La, on a droit a une vraie grasse mat' du Dimanche et a un reveil lent et progressif. Zoub (autre surnom de Noemie que je dois etre le seul a usiter parfois) nous propose une ballade avec une amie mongole dans la campagne environnante. Bien sur qu'on est partant. Damba, un chauffeur de taxi ami, passe nous prendre avant d'aller chercher Tchana. Elle parle tres bien francais, et pour cause, elle vient de passer un mois a voyager en France ! Elle nous raconte donc notre pays pendant ce mois ou nous n'y etions pas, la canicule, tout ca. Elle est allee a Montpellier, dans les Cevennes, en Bretagne, a Strasbourg, a Paris... un long voyage qu'elle a "gagne" a l'universite en ayant des bons resultats scolaires ! Damba nous conduit jusqu'a la banlieue proche d'Oulan Bator et ses sortes de camps de yourtes delimites en terrains. On s'arrete pour crapahuter en haut des collines et avoir une vue d'ensemble. On croise des Ovos, ces amoncellements de pierres decores de tissus bleus dont on doit faire trois fois le tour avant de deposer une nouvelle pierre dessus, afin de montrer du respect aux esprits de la nature, dans la plus pure tradition animiste. D'en haut, on voit toute une partie de la ville se recroqueviller dans la vallee alors que de l'autre cote, d'autres collines entierement nues et vertes et belles et innombrables prennent leur elan vers la campagne. Cette fois, les nuages semblent de reproduire les uns les autres a l'infini, comme si le ciel etait une usine a nuage. Moins creatifs quoi. Mais ils sont pour autant dissolus et leurs ombres jouent une fois de plus avec les creux et les bosses, et ca j'aime bien. On rigole beaucoup tous les quatre, on discute des differents modes de vie francais et mongoles, on apprend, on respire.

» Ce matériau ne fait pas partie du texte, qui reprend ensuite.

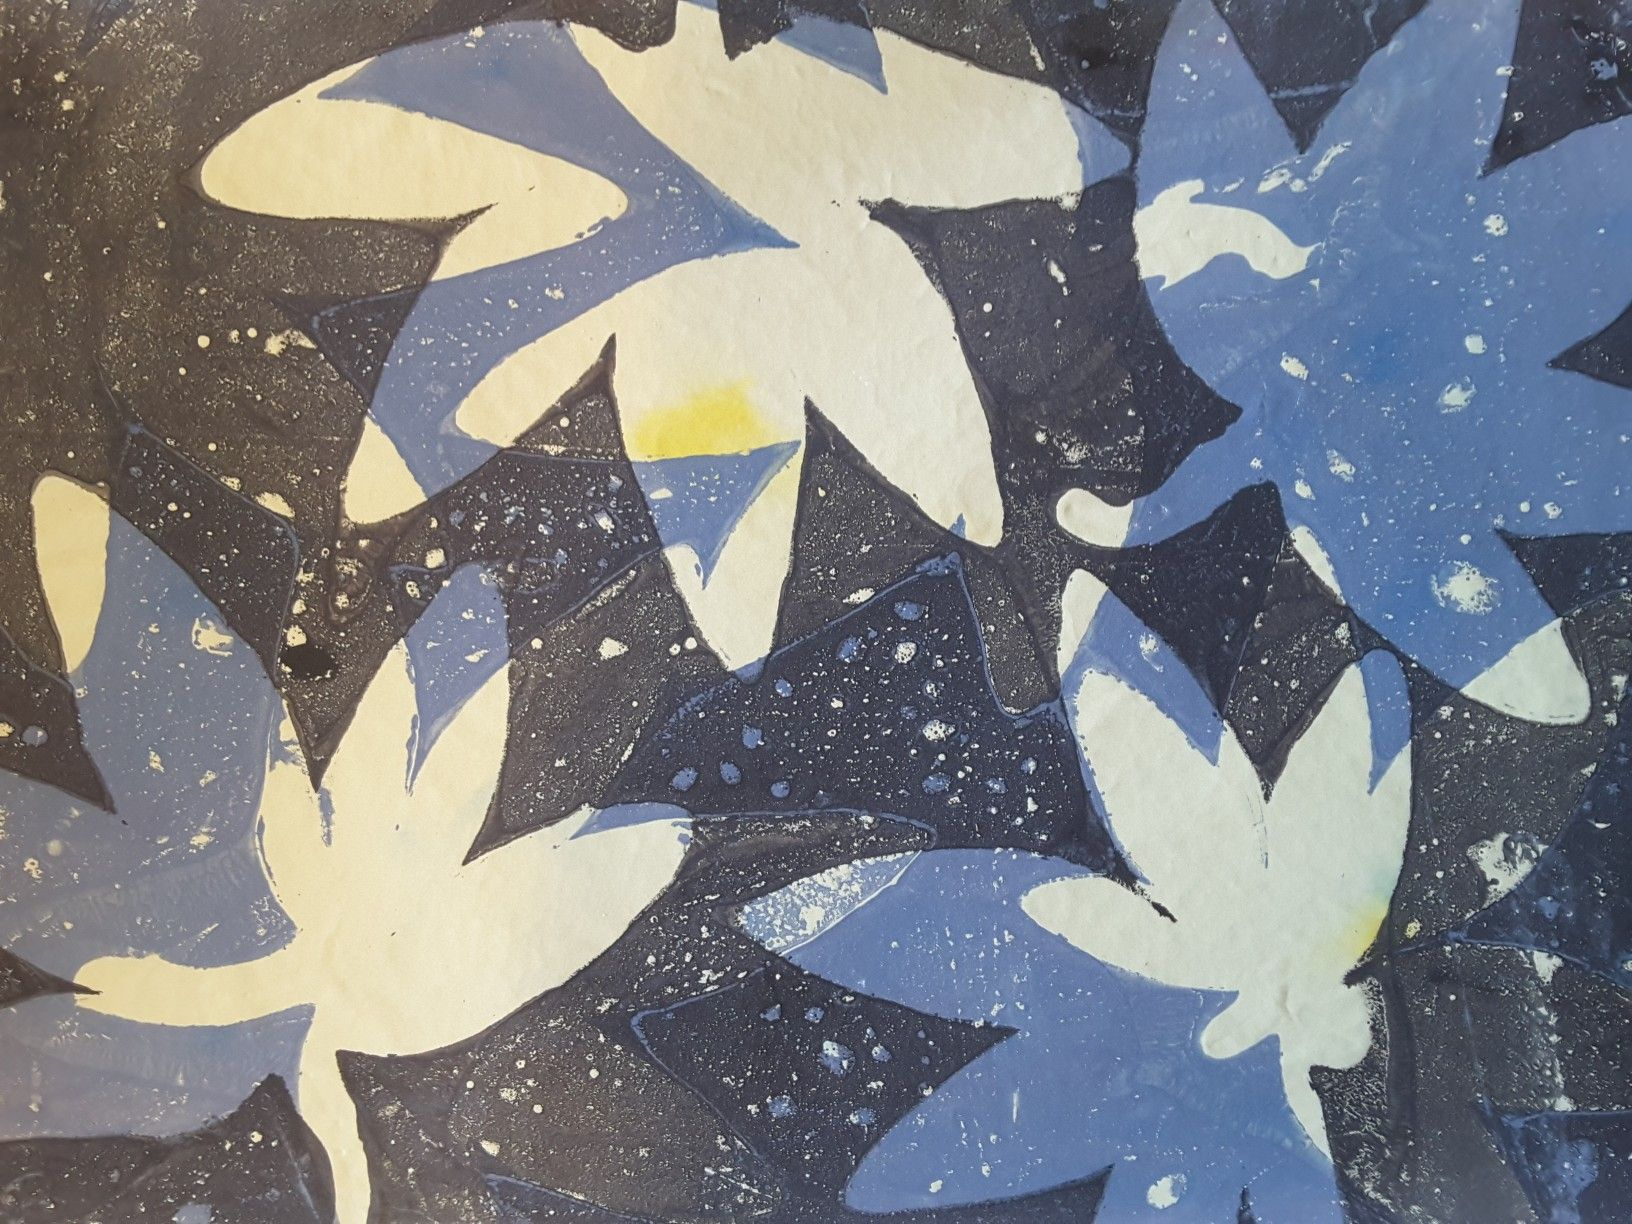 Janelle Patchett Original Art
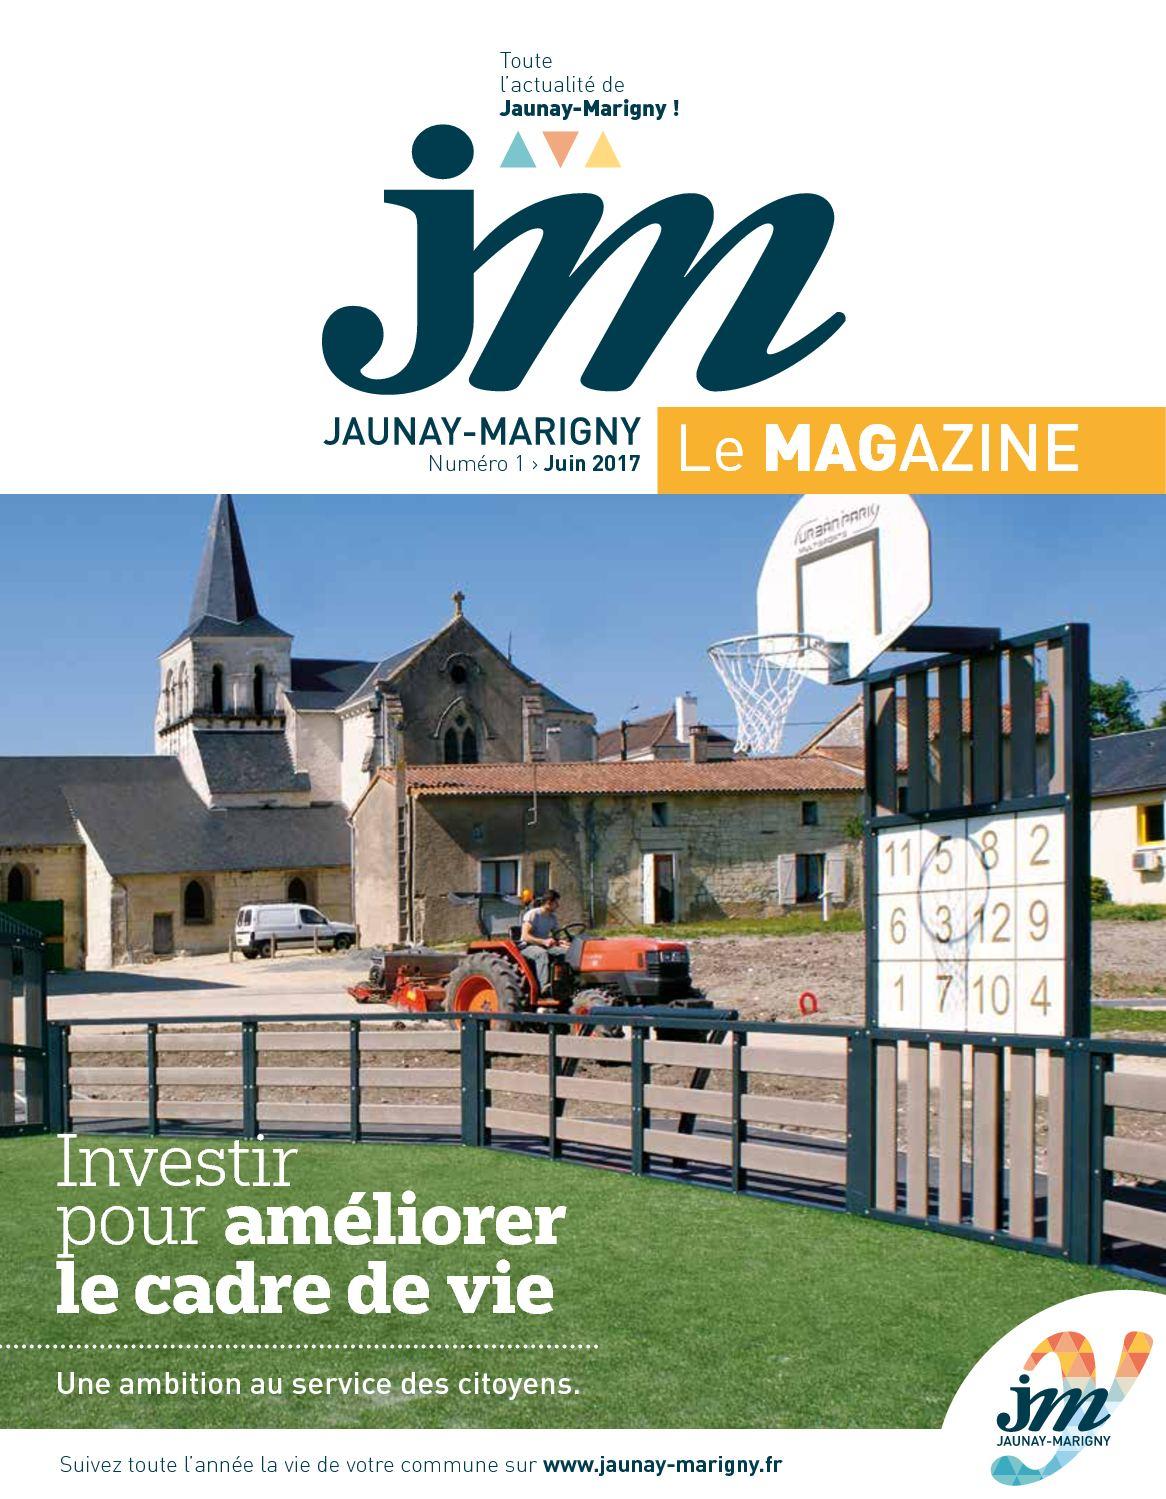 calam�o - jaunay-marigny, le magazine ! n�1

Lundi s'ouvre encore sur une matinee paresseuse, puis on se decide a repartir quelques jours a la campagne avant de bifurquer vers la Chine... le desert de Gobi, ca sonne pas mal non ? Zoub nous emmene a l'ONG Ger to Ger que j'ai deja mentione et qui organisent des sejours itinerants chez les nomades. L'un des sejours cle-en-main est de 5 jours et prend racine dans le Nord du Gobi, pres de la ville MandalGobi, a 260 km au Sud d'Oulan Bator. La brochure nous aleche comme il faut, cons d'occidentaux que nous sommes, en nous parlant de chameaux, de rock proches des forteresses Fremen de Dune et d'autres paysages a la Seigneur des Anneaux. Il ne nous en faut pas plus pour signer. On paye, on nous donne une double page de traductions anglais-mongol pour pouvoir communiquer avec les familles la-bas. Les gens de Ger to Ger sont tres sympa et sont partenaires de Wind of Mongolia (l'agence de Joel et Noemie) sur de nombreux sejours. Au sortir des bureaux, a peine booke le voyage dans le Gobi, Leo a subitement envie de de-Gobi-er. Il sort rapidement... fausse alerte. On file a la gare routiere acheter des tickets pour MandalGobi le lendemain matin, ca nous fait partir du 15 au 20, tout roule ! Direction un resto vegetarien excellent ou on nous serre un assortiment de legumes, riz et tofu en sauce avec quelques buzz, vegetariens eux aussi. On y mange avec Elodie et 2 autres copains francais, des expat' vraiment sympas qui ont beaucoup voyage et ont des projets super interessants. On file ensuite dans un lieu "branche" pour continuer a remplir ces lignes. Au bout d'une heure, Leo a vomi deux fois... il ne se sent pas bien du tout et rentre a l'appartement pour se reposer. Je suis de retour juste apres Noemie, a 22h. Dans le taxi qui me ramene, je tombe sur un texto envoye par Leo un peu plus tot : "Je me sens vraiment pas top Dead, ca serait peut-etre bien que tu passes ou appelles Noemie : le gobi pr moi ca me semble rape... ". Merde, j'espere que ca va quand meme. Il a passe toute la journee au lit a grelotter quand il ne se levait pas pour vomir. On peut pas dire que ca aille fort. A la fois il a tellement envie d'aller dans le Gobi qu'il propose quand meme qu'on mette le reveil a 6h, pour voir si ca va mieux !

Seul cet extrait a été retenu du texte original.